Question which we have not finished debating while waiting to know, at the beginning of 2025, if the judges will follow the prosecutors who, in the case of the FN assistants paid by the European Parliament, demanded 5 years of immediate ineligibility against Marine Le Pen.
Basically, seen from the RN, the question is simple: do judges consider themselves above the people? Could a handful of magistrates obstruct the general will, deprive millions of voters of their candidate, as Marine Le Pen said, “by undermining democracy”, according to Jordan Bardella, “government of judges”, for Éric Zemmour?
To these criticisms, the prosecutor responded in advance in his indictment: “Yes, the judicial decision is legitimate in producing its effects on democratic life, legitimate, because this role was imposed on it by the legislator.” In other words, judges must apply the law as politicians intended, precisely to punish such abuses.
What are we talking about? Of the two scandals which marred Hollande's five-year term. 2013, the Cahuzac affair, budget minister convicted of tax fraud, a first law creates the High Authority for transparency in public life.
2014, again with the Thévenoud affair, brief secretary of state who pleads administrative phobia to justify his unpaid taxes and rents, François Hollande then asks the high magistrate Jean-Louis Nadal for a report and suggestions on exemplarity policies. Proposition number 18: deprive them of mandate, make them ineligible. The idea does not fall from the sky, it is popular. A poll tells us that 85% of French people are in favor of making elected officials convicted of embezzlement permanently ineligible.
The 2016 law will not go that far, it makes ineligibility a mandatory additional penalty in the event of a breach of integrity, this is the one that could apply to Marine Le Pen and the other defendants. But this law was almost tightened. This was one of candidate Macron's promises in 2017: a ban on all those with a criminal record, bulletin number 2, from running in a simple and radical election.
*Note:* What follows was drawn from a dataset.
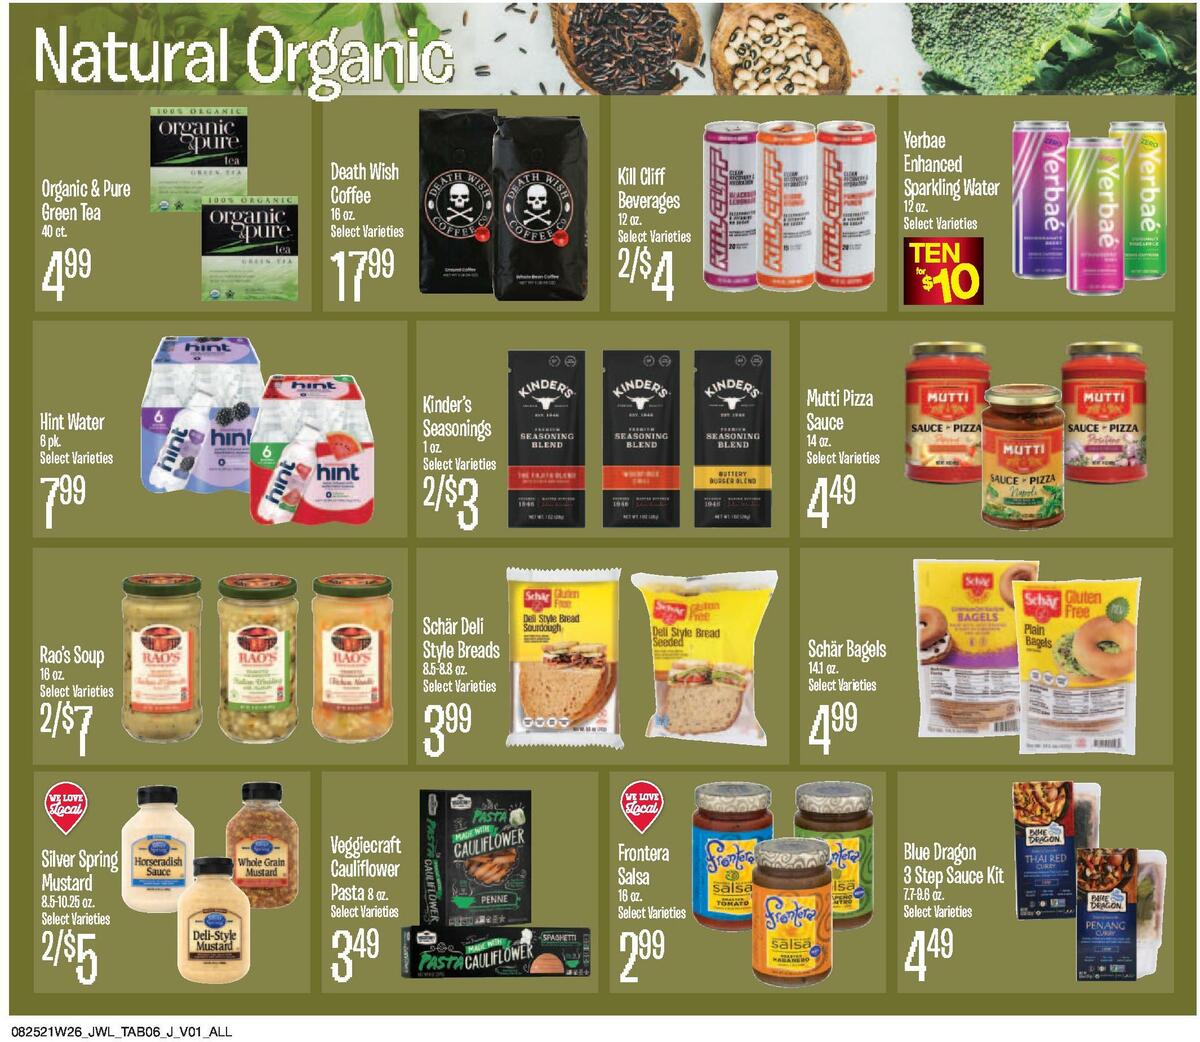 Jewel Osco Natural & Organic Weekly Ad from August 25

The measure had already been voted on by the Assembly as part of a socialist proposal in February 2017. I reread the debates, it's fascinating, not the slightest dissonant voice, on the left, on the right, in the center, on all benches, it's obvious: no clean record, no elective mandate, while nearly 400 professions are subject to this requirement, from taxi drivers to real estate agents.
Law adopted unanimously, which is not trivial, but reform ultimately abandoned because of a risk of unconstitutionality. We remained with compulsory ineligibility.
Note, among the most fervent defenders of the clean record, Nicolas Dupont-Aignan who, in support of Marine Le Pen, said last night that “the judges wanted to muzzle the French”.
In reality, as history shows, this law was not made against the RN, a party which also campaigns against the laxity of judges and for the return of minimum sentences. It applies to everyone and the strength of a democracy is measured by its ability to enforce its principles.